The null hypothesis is constructed to represent the status quo, where the treatment on a population has no effect on the population, chosen this way because the test controls only for Type 1 error. In the context of this assignment, the null hypothesis for this test is on average, no more people ride the subway compared to when it is not; i.e. 'ridership' is the population and 'rain' is the treatment.

i.e. $H_0: \alpha_{raining} \leq \alpha_{not\_raining}$

where $\alpha$ represents the average ridership of the subway.

Consequently, the alternative hypothesis is given by:

$H_1: \alpha_{raining} > \alpha_{not\_raining}$.

Due to the way the hypothesis is framed, that we are only questioning whether ridership increases during rain, a single-tailed test is required. This is because we are only looking for a test statistic that shows an increase in ridership in order to reject the null hypothesis.

A significance value of 0.05 has been chosen to reject the null hypothesis for this test, due to it being the most commonly used value for testing.

1.2 Why is this statistical test applicable to the dataset? In particular, consider the assumptions that the test is making about the distribution of ridership in the two samples.

The Mann-Whitney U test was chosen for the hypothesis testing due as it is agnostic to the underlying distribution. The entry values are definitely not normally distributed, illustrated below both graphically and using the Shapiro-Wilk test.


In [3]:
W, p = sps.shapiro(df.ENTRIESn_hourly.tolist())
print 'Probability that data is the realisation of a gaussian random variable: {:.3f}'.format(p)

plt.figure(figsize=[8,5])
sns.distplot(df.ENTRIESn_hourly.tolist(), bins=np.arange(0,10001,500), kde=False)
plt.xlim(0,10000)
plt.yticks(np.arange(0,16001,4000))
plt.title('Histogram of Entry Count')
plt.show()


Probability that data is the realisation of a gaussian random variable: 0.000
/anaconda/lib/python2.7/site-packages/scipy/stats/morestats.py:997: UserWarning: p-value may not be accurate for N > 5000.
  warnings.warn("p-value may not be accurate for N > 5000.")

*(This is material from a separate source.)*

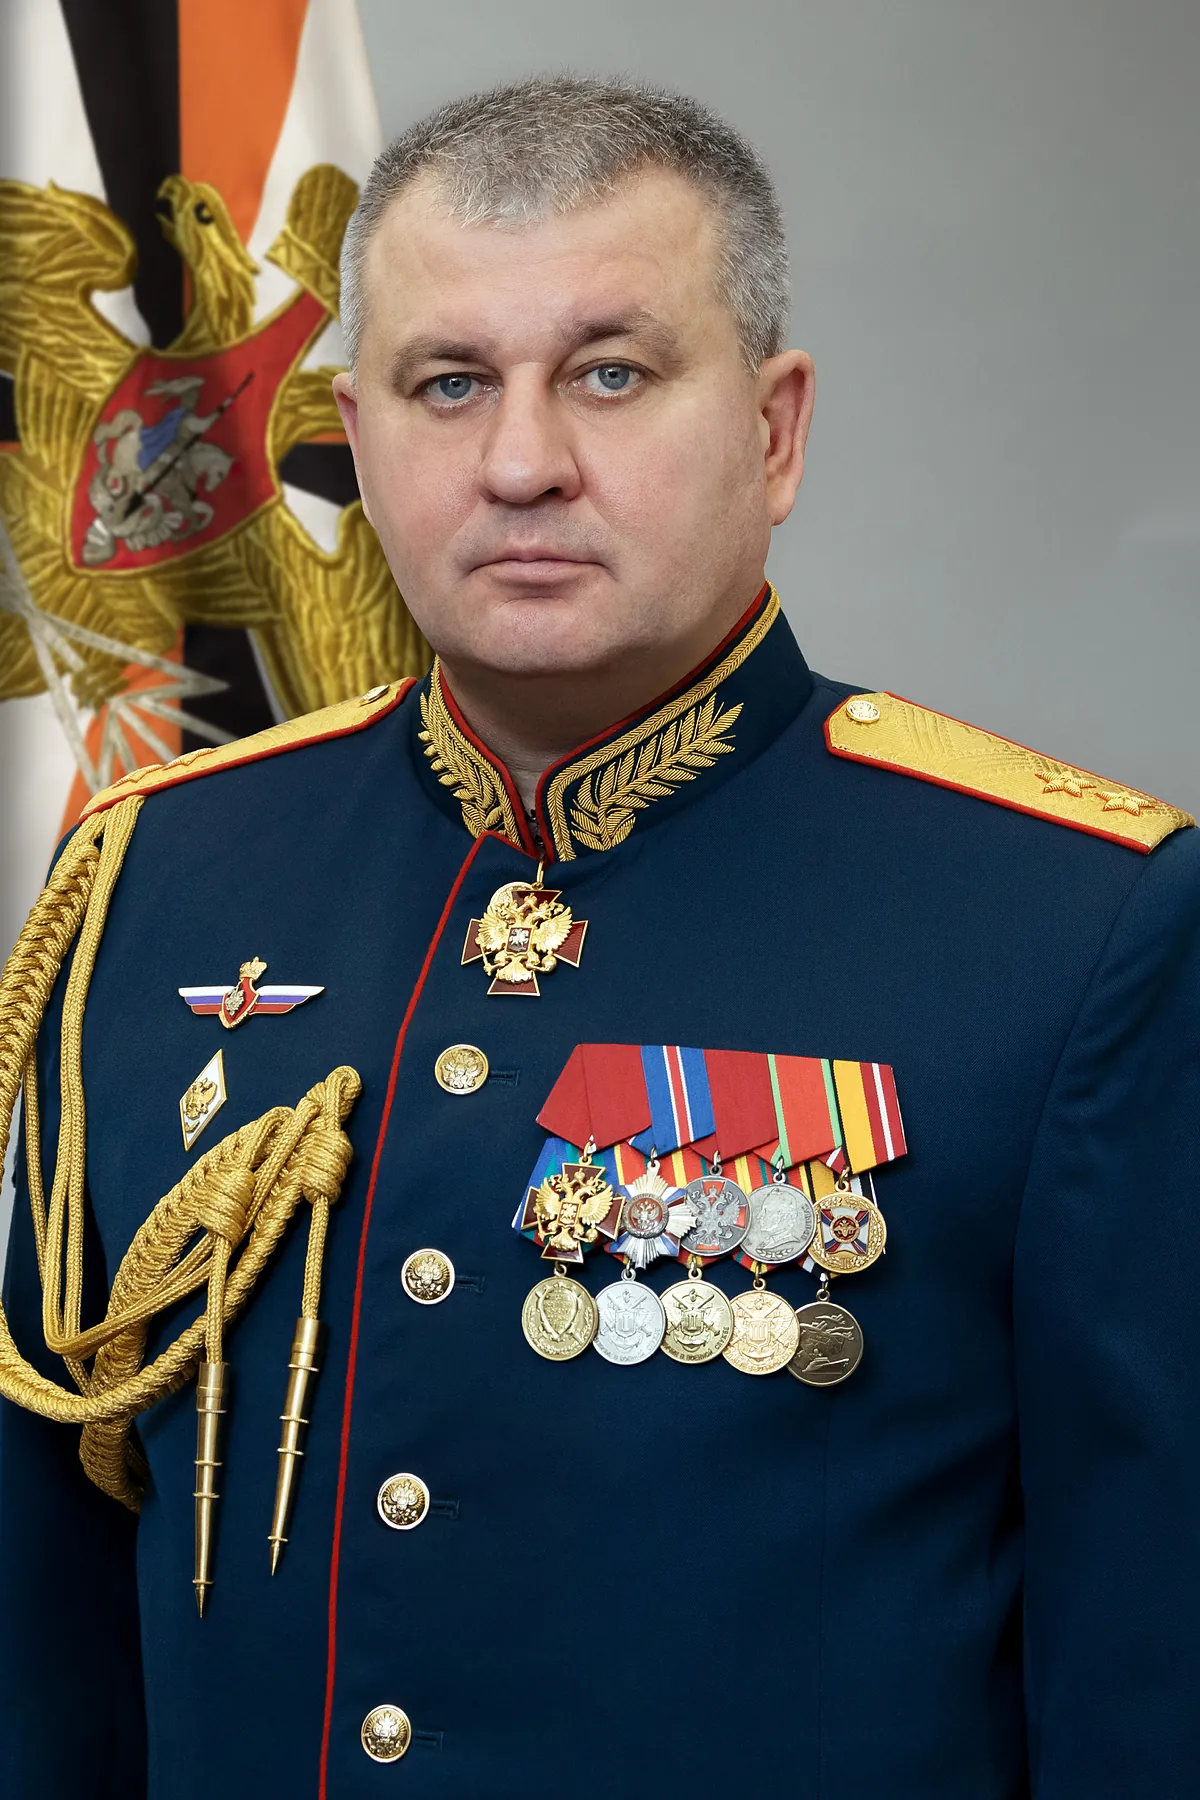 El condecorado corrupto, cuarto mando militar ruso arrestado en un mes

1.3 What results did you get from this statistical test? These should include the following numerical values: p-values, as well as the means for each of the two samples under test.


In [4]:
raindata = np.array(df[df.rain==1].ENTRIESn_hourly.tolist())
noraindata = np.array(df[df.rain==0].ENTRIESn_hourly.tolist())
U, p = sps.mannwhitneyu(raindata, noraindata)
print 'Results'
print '-------'
print 'p-value:           {:.2f}'.format(p) # Note that p value calculated by scipy is single-tailed
print 'Mean with rain:    {:.0f}'.format(raindata.mean())
print 'Mean without rain: {:.0f}'.format(noraindata.mean())


Results
-------
p-value:           0.00
Mean with rain:    2028
Mean without rain: 1846

1.4 What is the significance and interpretation of these results?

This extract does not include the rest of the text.